DATASET CONTENT:
- - - - - - -

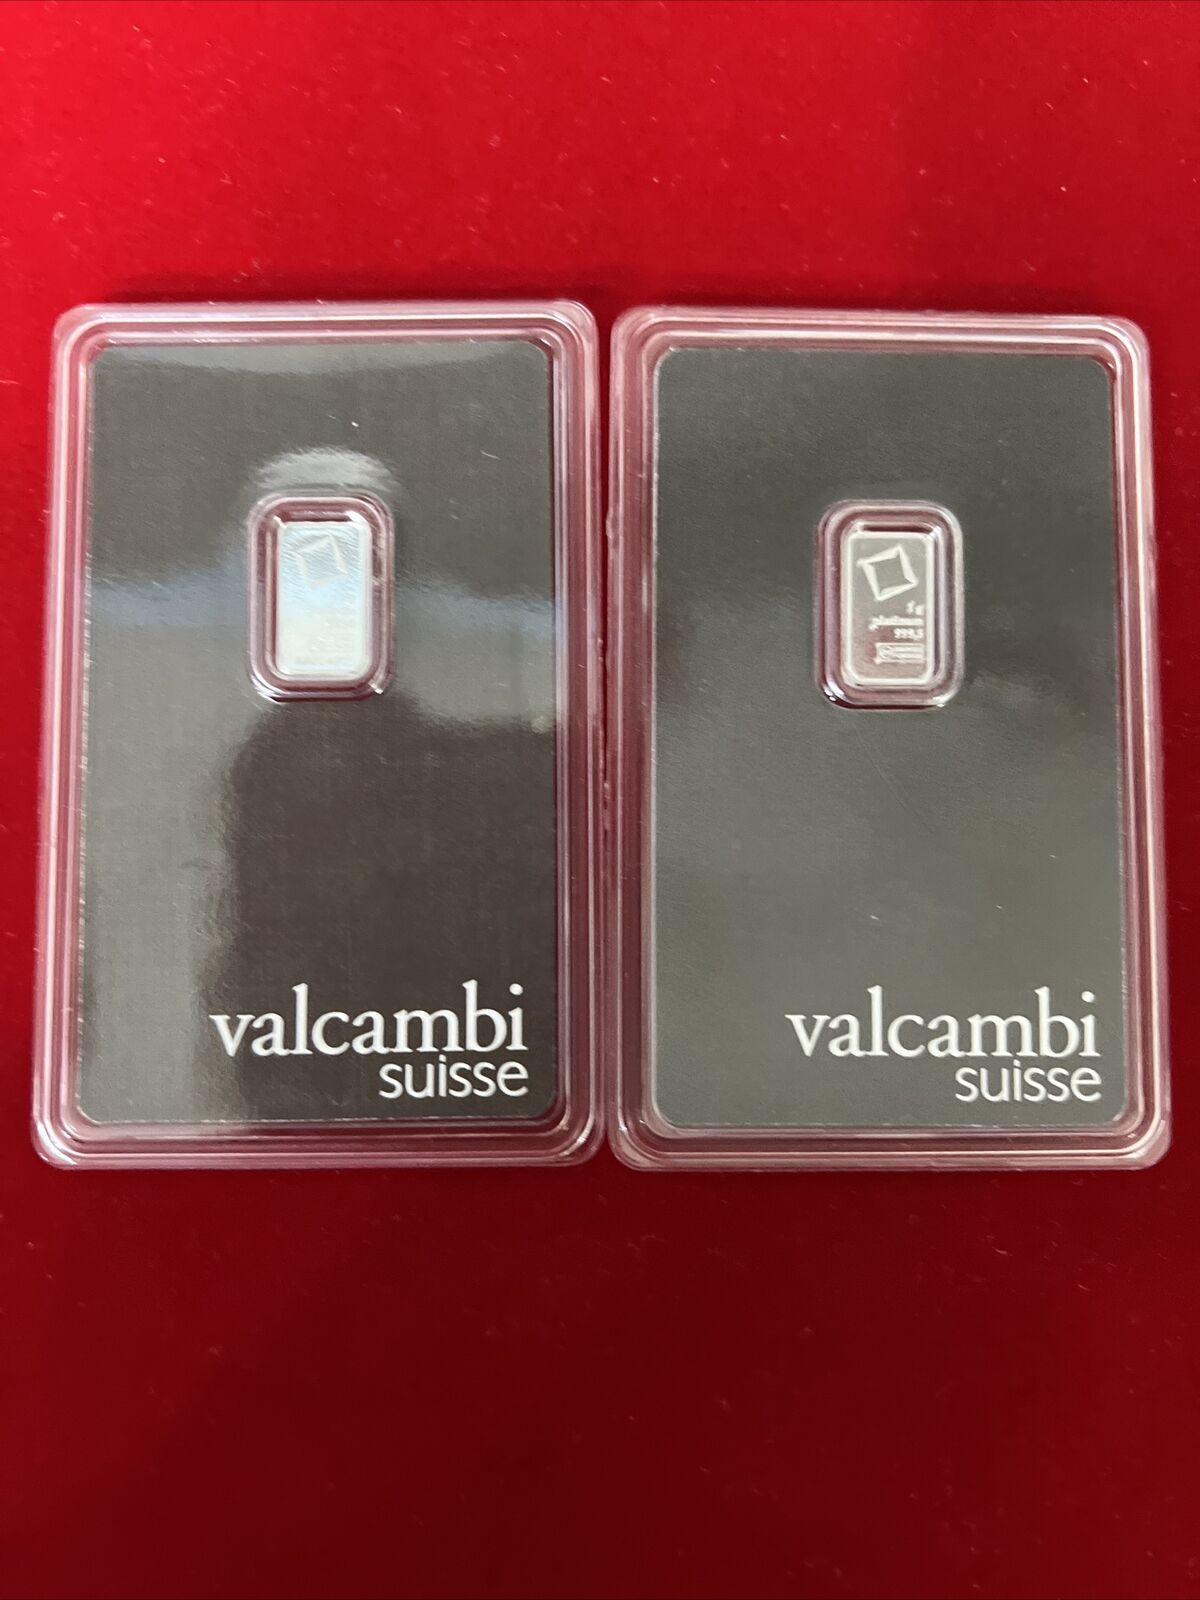 Valcambi Suisse Platinum Bat 1 Gram .9995 Fine  - 2 Pcs
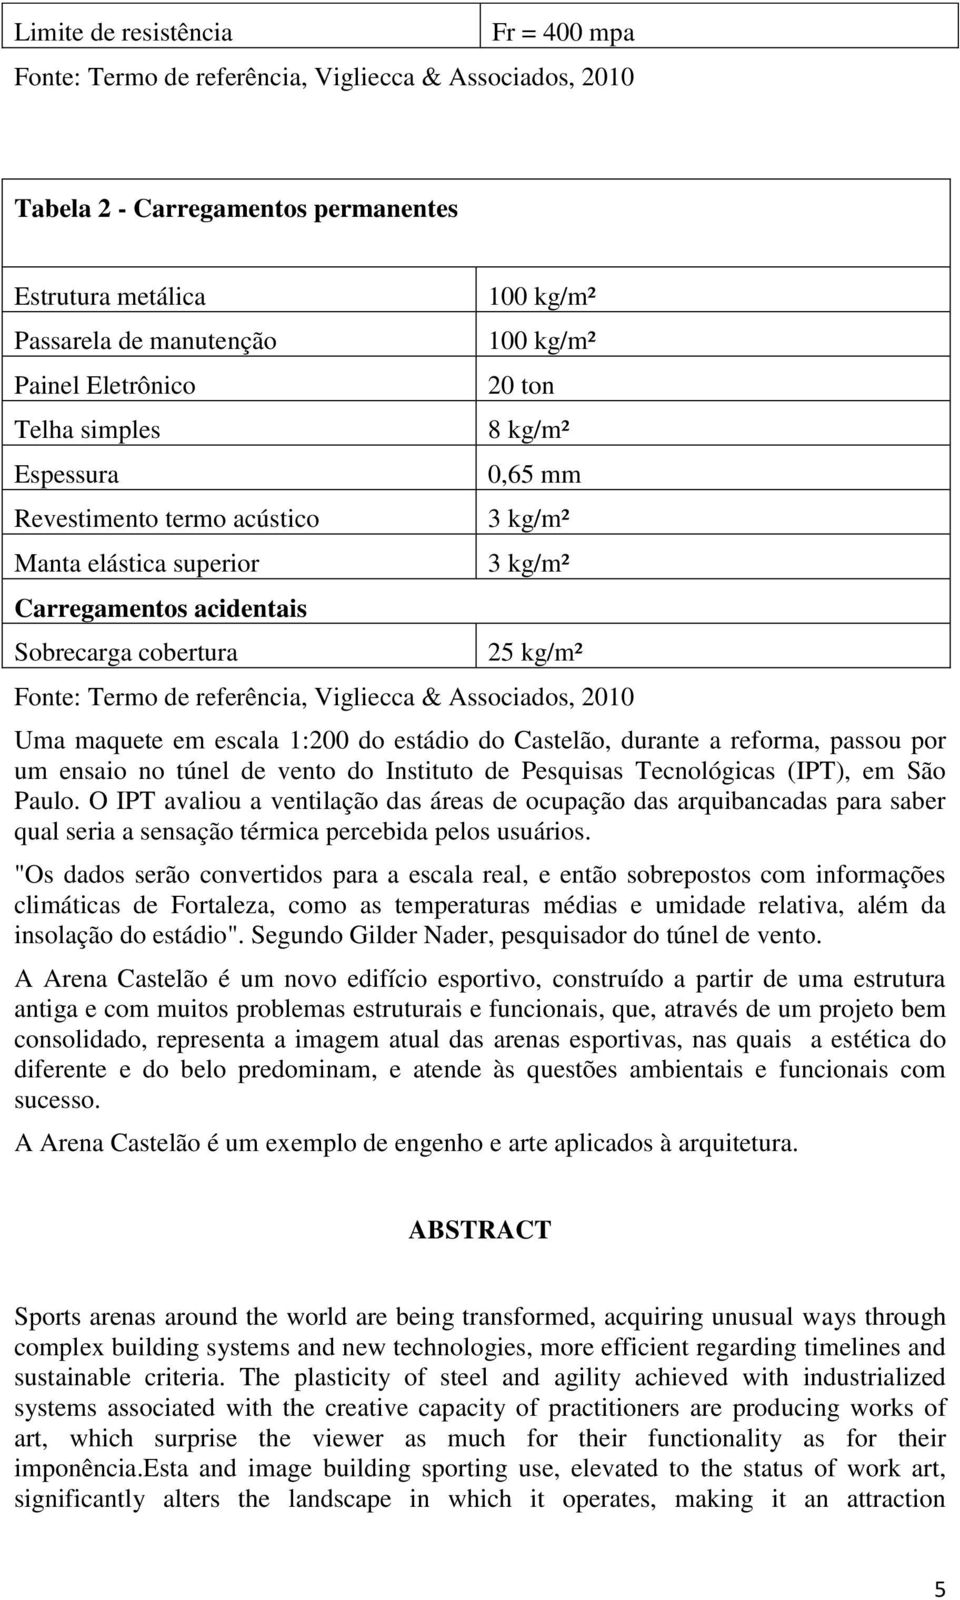 referência, Vigliecca & Associados, 2010 Uma maquete em escala 1:200 do estádio do Castelão, durante a reforma, passou por um ensaio no túnel de vento do Instituto de Pesquisas Tecnológicas (IPT), em
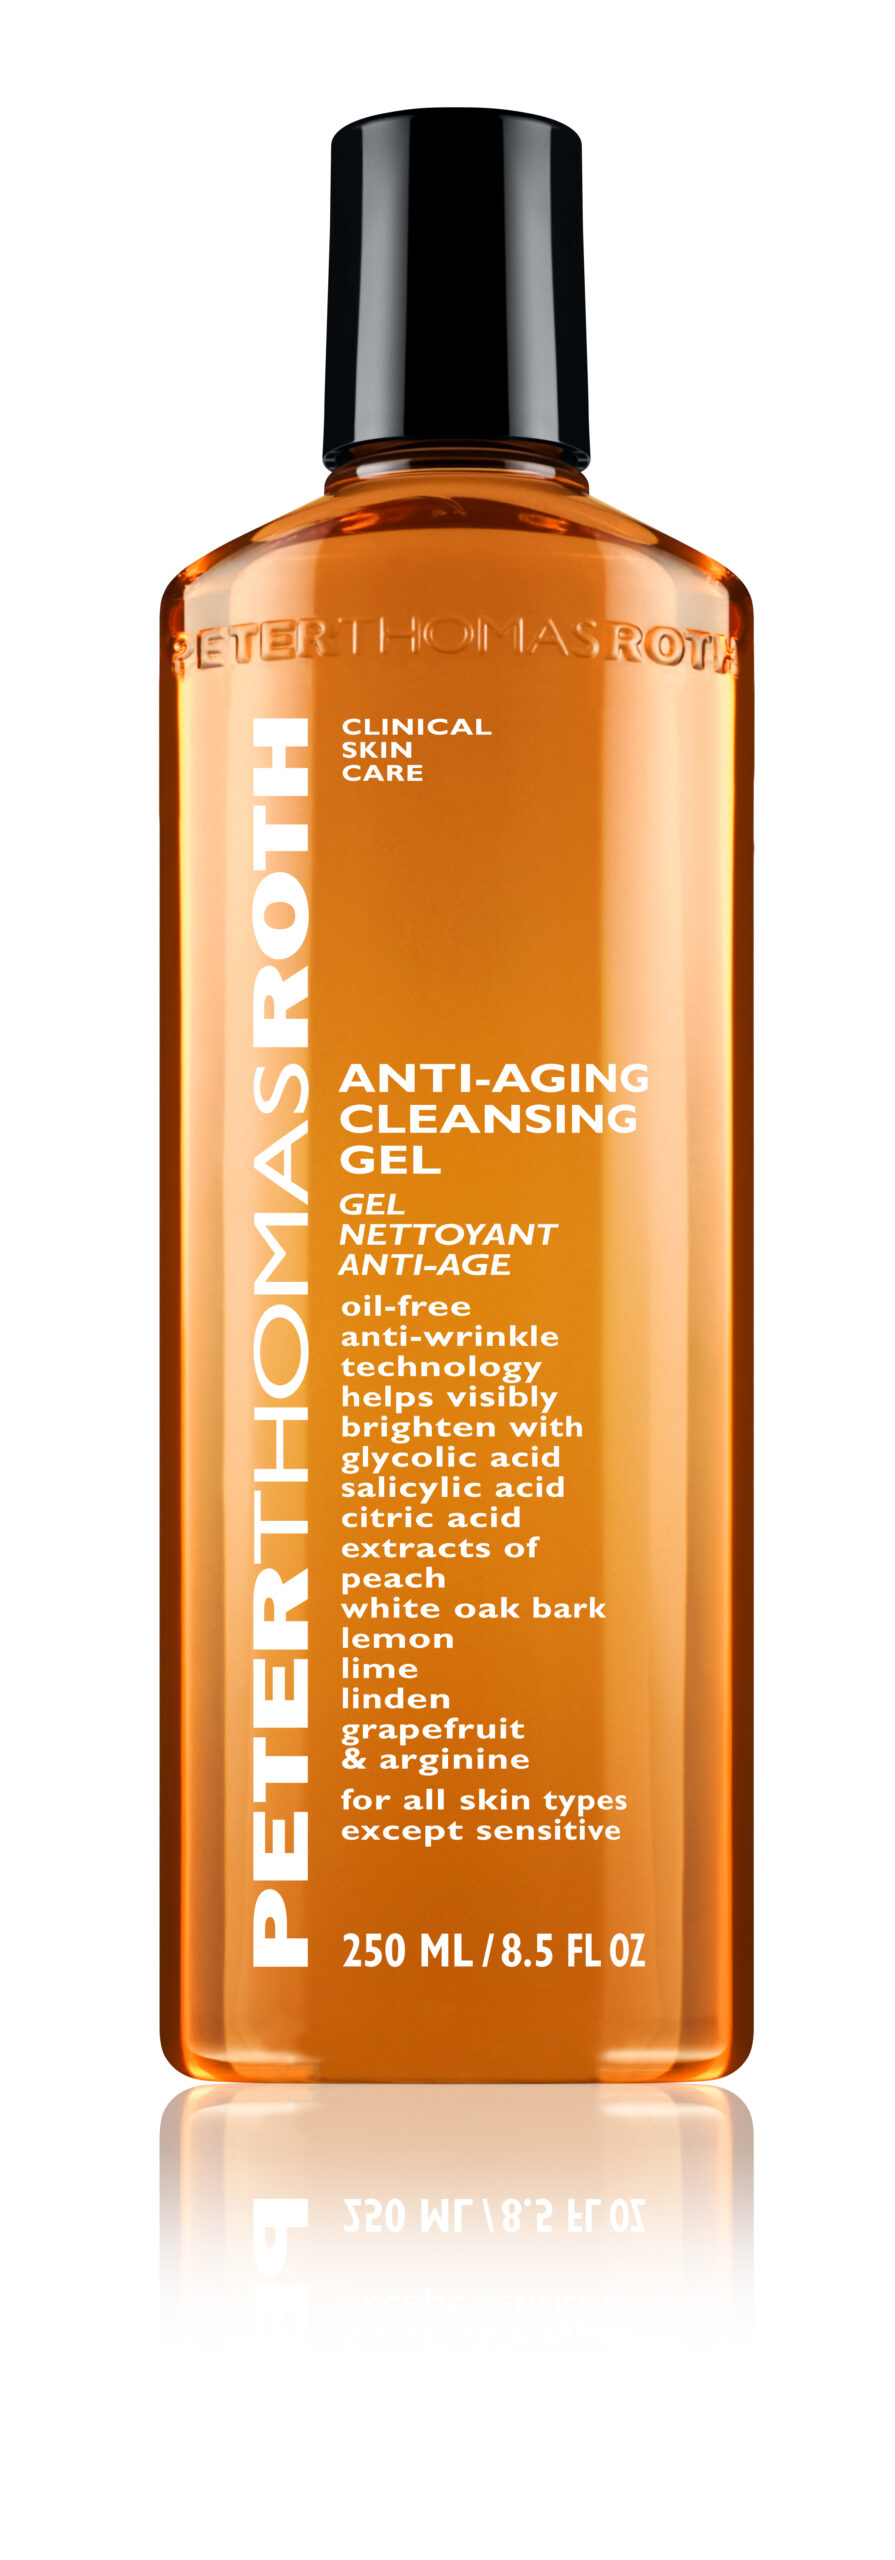 Anti-aging Cleansing Gel

- - - - - - -

WHAT YOU ARE ASKED TO DO:
Take the line with "referência, Vigliecca &" and every line after it through the end of the data, and write only them out exactly, leaving out the pictures.

TASK RESPONSE:
 referência, Vigliecca & Associados, 2010 Uma maquete em escala 1:200 do estádio do Castelão, durante a reforma, passou por um ensaio no túnel de vento do Instituto de Pesquisas Tecnológicas (IPT), em
 Anti-aging Cleansing Gel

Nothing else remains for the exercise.